Manufacturers will to have to wait for the findings of the International Life Science Institute's (ILSI's) Food Allergy Task Force on allergens to be published before they will know whether 'action levels' for their operations are possible, claims the Food Standards Agency (FSA).

The Task Force's findings are due in late 2012 and only then will advice on the maximum allowable levels of allergens be available.

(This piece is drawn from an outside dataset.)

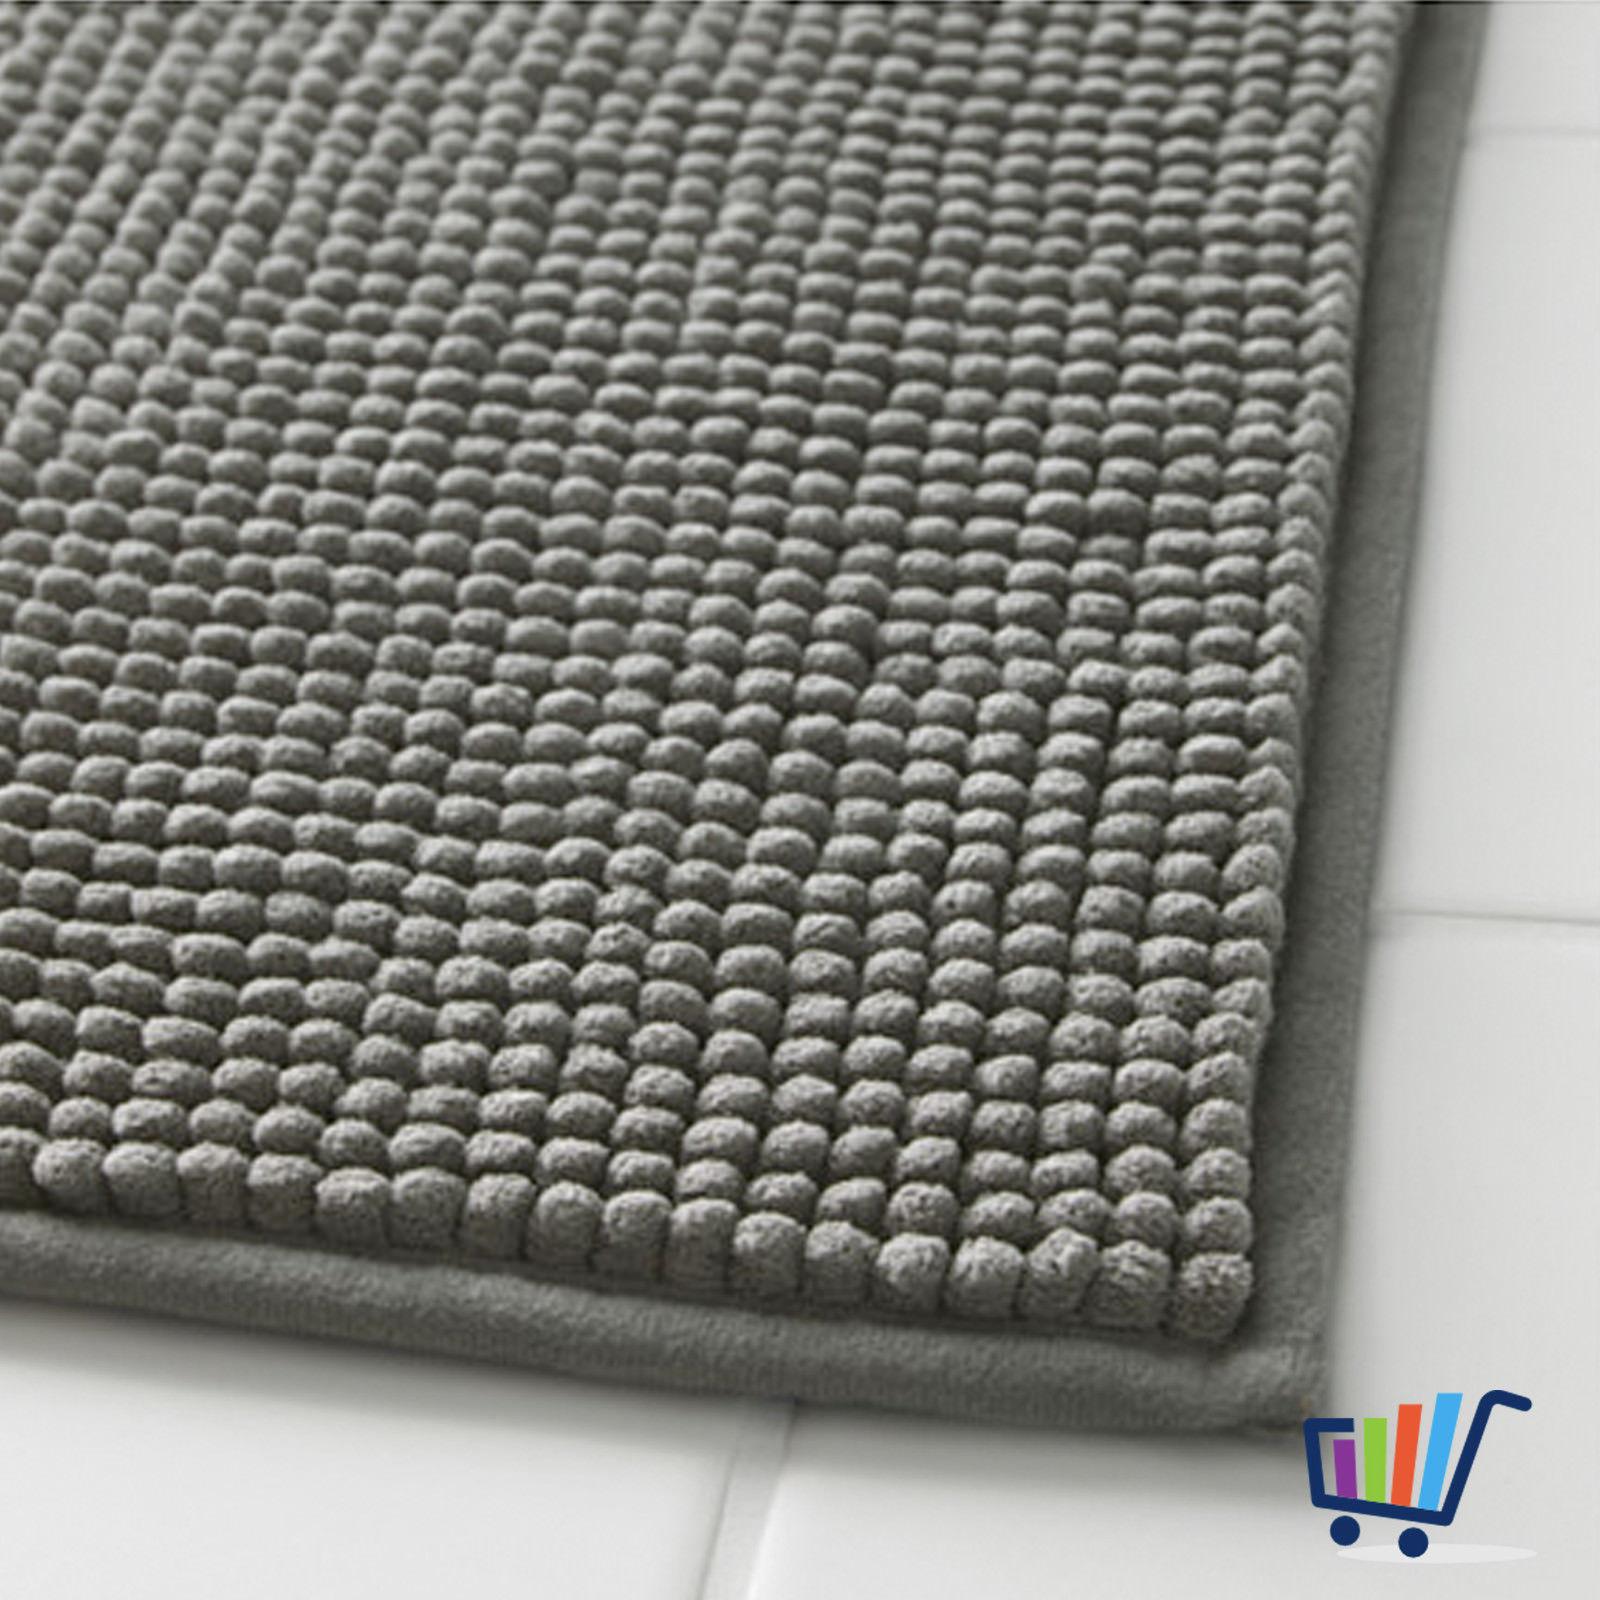 ikea toftbo duschmatte 60 90 cm grau matte vorleger badezimmermatte weich neu traumfabrik xxl. Black Bedroom Furniture Sets. Home Design Ideas
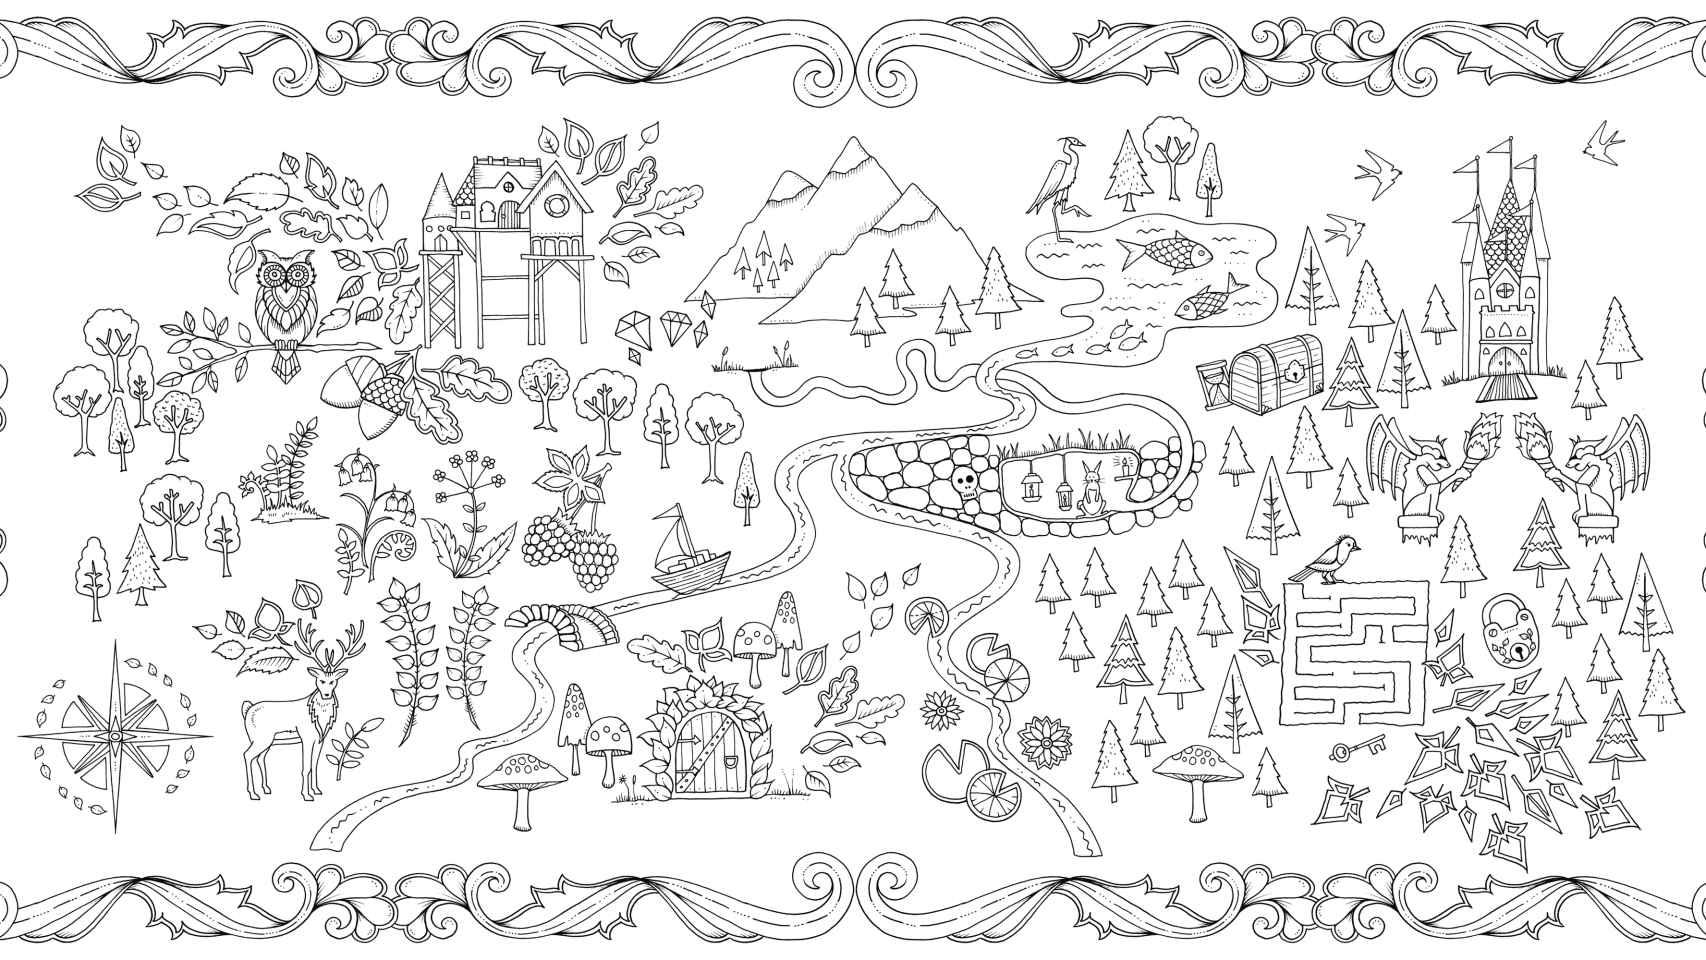 Imagen para colorear de El Bosque encantado, de Johanna Basford.

Experts from across the globe make up the ILSI Task Force, which includes scientists and industry figures from Nestlé, Coca-Cola, PepsiCo, and Unilever. It has been examining research from food and drink tests, and is modelled on the Australian Allergen Bureau's Vital scheme, which explores current threshold data, consumer behaviour, and uncertainty factors.

The Task Force has formed global partnerships with the European Commission, the EU's EuroPrevall allergen research programme, the Food Allergy Research and Resource Program, the European Academy of Allergy and Clinical Immunology and the European Anaphylaxis Task Force.

"It is accepted that zero risk is not possible, therefore there needs to be an agreed tolerable level of risk," said FSA. "Any agreed action level needs to be practical for the food industry and provide choice and certainty for allergic individuals.

"Consumers with food allergies need clear information about the risks of allergens being accidentally present in food, but changes to existing practices need to be based on robust scientific evidence."

The FSA expects "significant advances" from the Task Force, which will enable more consistent allergen advice when processors make future labelling decisions.

Meanwhile, food assurance specialist NSF-CMi has developed a new standard for the control of allergens in food production called the Allergen Due Diligence Assessment. NSF-CMi said it was a more practical alternative to current methods of testing. It claimed the standard, to which manufacturers can be independently assessed, represented the first end-to-end review of the manufacturing process, which focused on real risks.

The UK saw 35 product recalls in 2010 due to incorrect allergen declarations, which cost an estimated £1.75M, says NSF-CMi.